Autovelox e multe: approvazione non basta, serve omologazione
La Cassazione riaccende il dibattito sulla validità dei verbali: senza controlli tecnici rigorosi, gli automobilisti possono valutare ricorso e chiedere verifica di taratura e decreto.

Nel dibattito sui controlli elettronici della velocità, oggi più che mai, il punto non è soltanto se un automobilista abbia superato il limite. La questione è un’altra: il dispositivo usato per la rilevazione era davvero conforme alle regole? Ed è proprio qui che la giurisprudenza ha acceso i riflettori, aprendo scenari che coinvolgono Comuni, Prefetture, Giudici di Pace e, naturalmente, gli stessi conducenti. Per chi riceve una multa, la domanda diventa immediata: il verbale è davvero inattaccabile o esistono margini per un ricorso?
Approvazione e omologazione: perché non sono la stessa cosa
Per capire il nuovo orientamento dei giudici bisogna partire dalla base. In molti casi, infatti, i due termini vengono usati come se fossero sinonimi, ma sul piano giuridico la differenza è netta. L’approvazione è una procedura amministrativa più semplice, mentre l’omologazione autovelox richiede controlli molto più rigorosi, pensati per accertare la precisione del dispositivo e la sua piena affidabilità tecnica.
Non si tratta di una sfumatura lessicale. L’omologazione serve a garantire che lo strumento rispetti standard precisi, sia nei materiali sia nel funzionamento, così da poter produrre una misurazione valida agli occhi della legge. Senza questo passaggio, la rilevazione della velocità perde quella presunzione di correttezza che normalmente la rende utilizzabile per emettere una sanzione.
Ed è proprio qui che nasce il problema. In diverse realtà locali, molti apparecchi sarebbero stati installati facendo affidamento sulla sola approvazione ministeriale. Ma se la normativa richiede un iter più completo, il nodo diventa evidente: il verbale rischia di poggiare su basi fragili. Chi riceve una multa, quindi, ha tutto l’interesse a verificare con attenzione se il dispositivo fosse effettivamente omologato e non soltanto autorizzato in via amministrativa.

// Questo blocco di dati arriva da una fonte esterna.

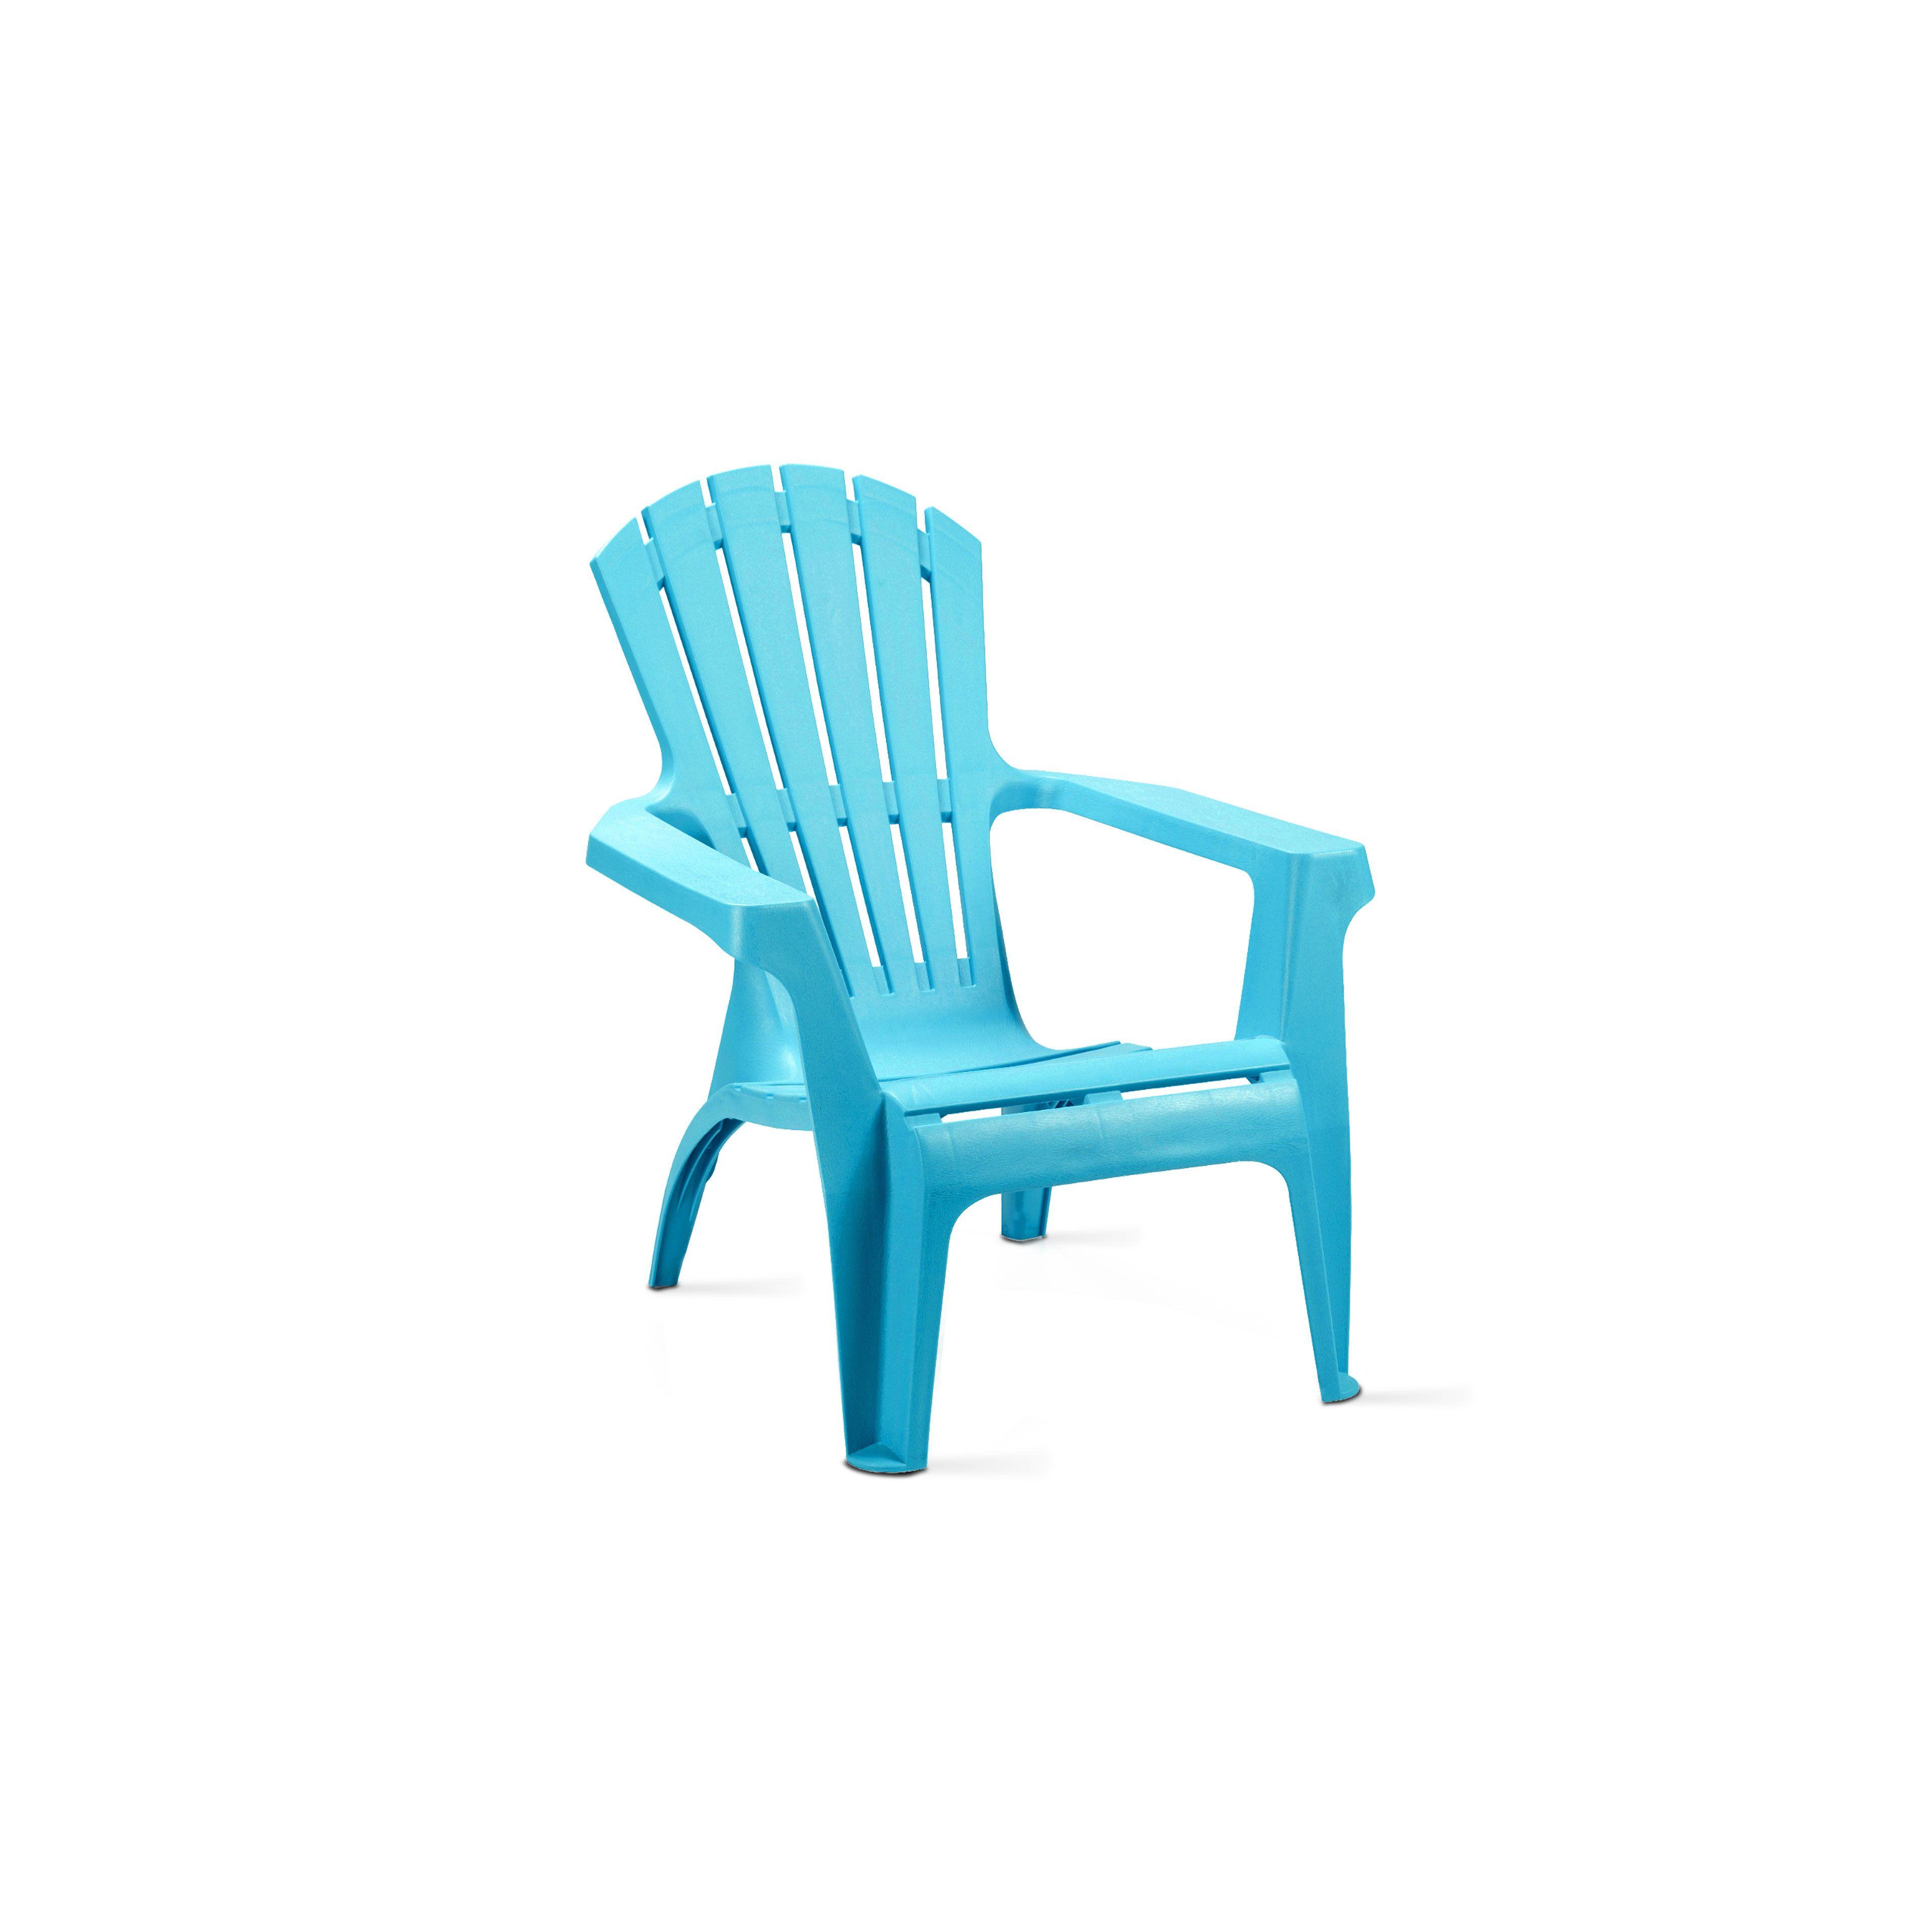 Fauteuil De Jardin En Plastique Bleu

Cosa ha chiarito la Cassazione sui controlli di velocità
La Corte di Cassazione ha ribadito con forza un principio destinato a incidere su molti contenziosi: l’omologazione autovelox non può essere sostituita da atti di livello inferiore. In altre parole, non basta un semplice passaggio burocratico se il quadro normativo richiede una verifica tecnica più severa. Quando una misurazione può comportare sanzioni economiche, decurtazione di punti e conseguenze amministrative, la precisione dello strumento non può essere lasciata al caso.
Questo orientamento ha avuto un effetto immediato sugli enti locali. Molti Comuni si sono ritrovati a dover rivedere la documentazione relativa ai propri apparecchi, soprattutto per i dispositivi mobili e per quelli collocati in tratti stradali dove i limiti di velocità sono stati modificati nel tempo. La domanda, a questo punto, è inevitabile: quanti verbali si reggono davvero su una base tecnica inattaccabile?

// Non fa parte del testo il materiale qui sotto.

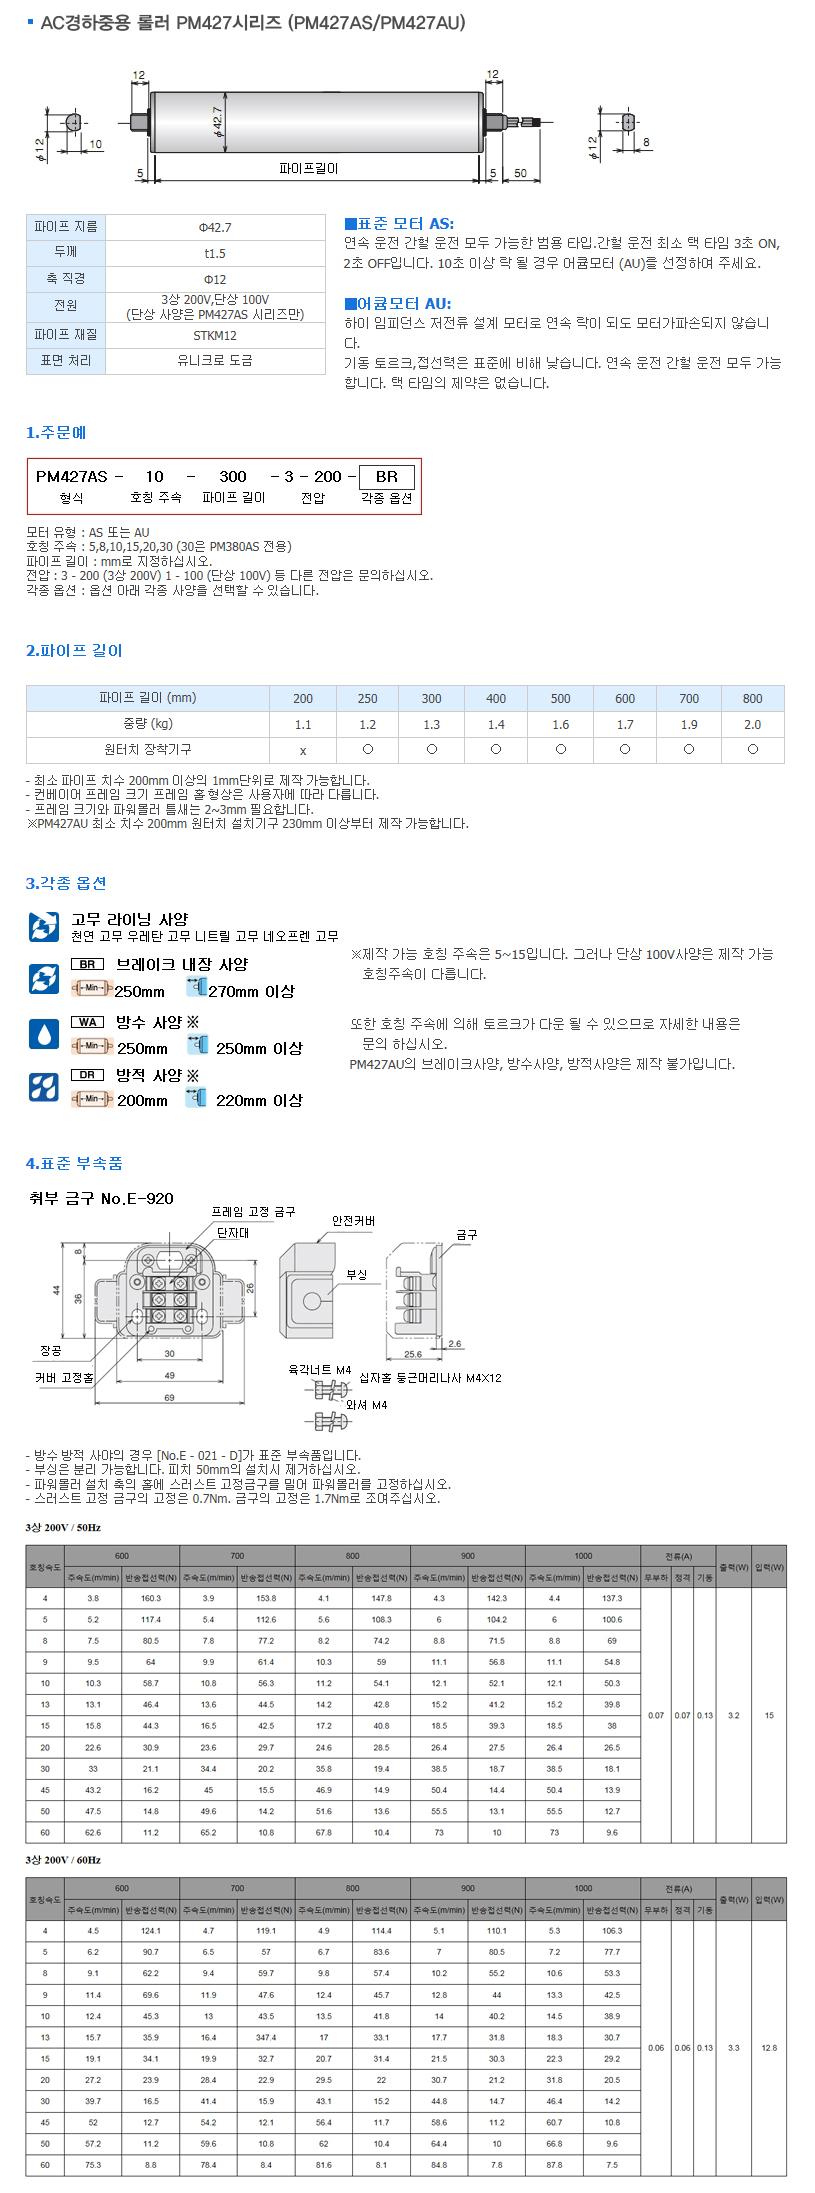 (주)은현산업 AC경하중용 롤러 PM427시리즈 PM427AS

Le sentenze indicano anche un altro aspetto importante. Nel verbale devono essere riportati con chiarezza gli estremi del decreto di omologazione, in modo che l’automobilista possa controllare la regolarità dell’accertamento. Se questo riferimento manca, è incompleto oppure viene confuso con il solo atto di approvazione, la contestazione diventa molto più solida. Non è un cavillo, ma una tutela sostanziale per il cittadino.

Nuove regole per i Comuni e come difendersi da una multa
Con l’evoluzione normativa e gli ultimi orientamenti giurisprudenziali, anche la gestione dei controlli elettronici sta diventando più severa. I Comuni non devono più limitarsi a installare un autovelox e a segnalare il limite: devono dimostrare di aver rispettato criteri più ampi, dalle distanze minime tra cartello e postazione alla manutenzione periodica, fino alla corretta taratura degli strumenti.
L’omologazione autovelox, in questo scenario, è il pilastro dell’intero sistema. Senza di essa, l’intero meccanismo perde solidità. E le conseguenze possono essere pesanti: annullamento di numerose sanzioni, aumento dei ricorsi e, in alcuni casi, perfino contestazioni per danno erariale se i costi delle impugnazioni superano gli incassi ottenuti con le multe. Un rischio tutt’altro che teorico.
Ma come può comportarsi un automobilista che riceve un verbale? Il primo passo è leggere tutto con attenzione. Occorre controllare la data dell’ultima taratura, verificare la presenza del riferimento al decreto di omologazione e non fermarsi alla sola dicitura di approvazione. Se il documento è poco chiaro, incompleto o contraddittorio, si apre uno spazio concreto per contestare la sanzione.